FIG. 2 shows a schematic representation of a first embodiment of a system according to the invention.

FIG. 3 shows a schematic representation of a second embodiment of the system according to the invention.

FIG. 4 shows a schematic representation of a third embodiment of the system according to the invention.

DETAILED DESCRIPTION

Unless otherwise specified, a same element appearing in different figures has a single reference.

A first aspect of the invention relates to a method for analysing a sound signal which makes it possible both to recognise each group of command keywords present in the sound signal analysed and to identify the speaker of the sound signal analysed.

The sound signal analysed is recorded by at least one microphone and is noisy, that is, it comprises a useful noiseless sound signal spoken by the speaker and noise generated by the speaker's sound environment, otherwise known as environmental noise, for example a signal generated by a television set or a hoover. The environmental noise is continuously changing and can be both stationary, for example generated by a fan, and instationary, for example generated by a computer keyboard.

The invention has been tested by considering sound files corresponding to the following environments: vehicle interior, traffic noise, hoover, drill, keyboard, musical instruments, singing, white noise, etc.

By “noiseless sound signal”, it is meant a sound signal whose signal-to-noise ratio is strictly greater than 15 dB.

By “noisy sound signal”, it is meant a sound signal whose signal-to-noise ratio is less than 15 dB.

In the remainder of the description, “microphone” refers to both a single microphone and a microphone array comprising a plurality of microphones located in a same place and intended to improve the quality of recorded sound signals.

By “group of keywords”, it is meant an “intent sentence”.

Within the context of the invention, the group of keywords need not have any meaning, nor be in an existing language.

By “group of command keywords”, it is meant a group of words making it possible to trigger a command of a connected electronic device.

For example, the group of command keywords “turn down the sound” makes it possible to trigger a command for a connected loudspeaker playing music so that the loudspeaker turns down the volume, and the group of command keywords “turn off the light” makes it possible to trigger a command for a connected lamp lighting a room so that the lamp turns off.

A group of command keywords comprises at least one word.

The number of commands that can be triggered is limited and depends in particular on the number of electronic devices connected.

The commands that can be triggered are chosen by a user.

Each command is associated with at least one group of command keywords making it possible to trigger the command.
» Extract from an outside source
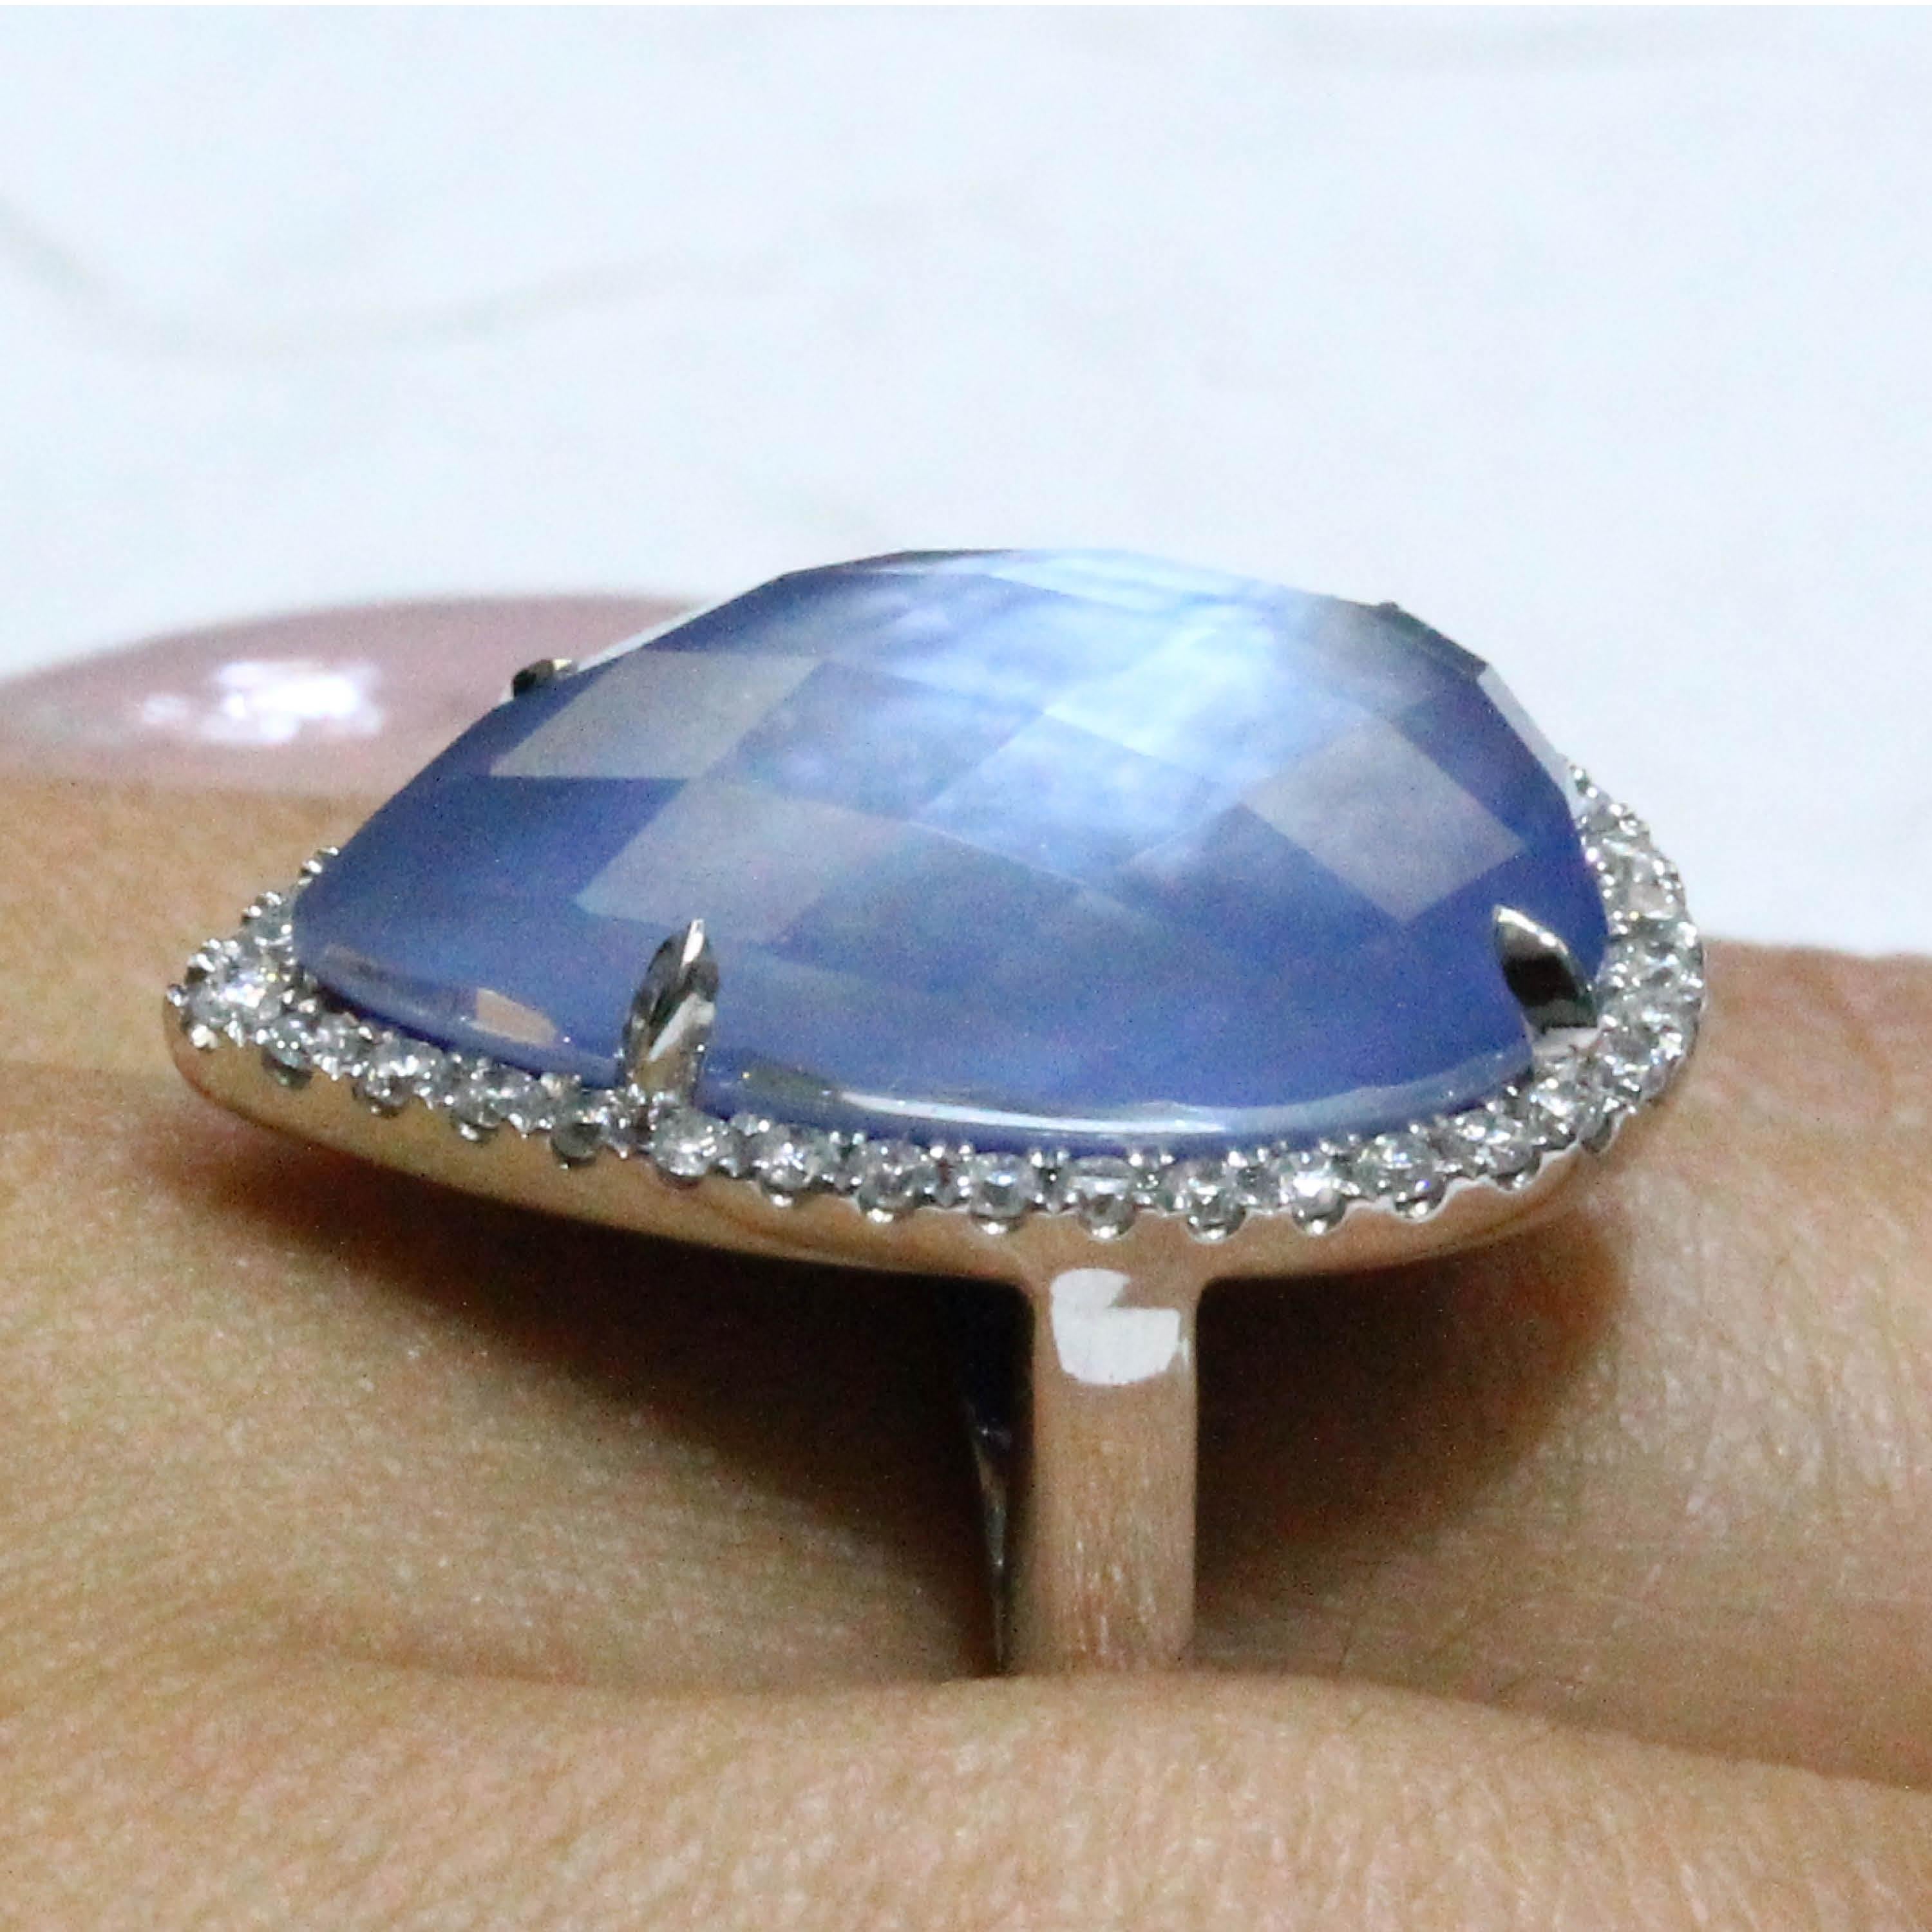 18K Gold Pear Shape Cocktail Ring with Lapis Lazuli, White Topaz and Diamonds In New Condition For Sale In Great Neck, NY

For example, the command to turn off an air conditioner may be associated with both the group of command keywords “switch off the air conditioning” and the group of command keywords “turn off the air conditioner”.

The speaker of the sound signal analysed is identified from a group of speakers comprising a finite number of speakers.
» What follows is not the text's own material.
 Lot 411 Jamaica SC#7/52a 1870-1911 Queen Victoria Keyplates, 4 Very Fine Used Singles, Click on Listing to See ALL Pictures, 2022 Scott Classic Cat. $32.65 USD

FIG. 1 is a block diagram illustrating the sequence of steps of the method 100 according to the invention.

A first step 101 of the method 100 according to the invention consists in constituting a training database.

The first step 101 includes a first sub-step 1011 consisting, for each speaker of the group of speakers, in recording at least one noiseless sound signal spoken by the speaker.

For example, on average 20 seconds of noiseless sound signals are recorded for each speaker in the group of speakers.

Each noiseless sound signal may be recorded by the microphone that recorded the noisy sound signal analysed or by another microphone.

Each noiseless sound signal is, for example, spoken by the speaker while moving, that is, the noiseless sound signal is spoken at different distinct positions.

A second sub-step 1012 consists in the microphone that recorded the noisy sound signal analysed, recording the environmental noise.

A third sub-step 1013 consists in adding the noise recorded in the second sub-step 1012 to each noiseless sound signal recorded in the first sub-step 101 to obtain a noisy sound signal.

A fourth sub-step 1014 consists in calculating a sound signature for each noisy sound signal obtained in the third sub-step 1013.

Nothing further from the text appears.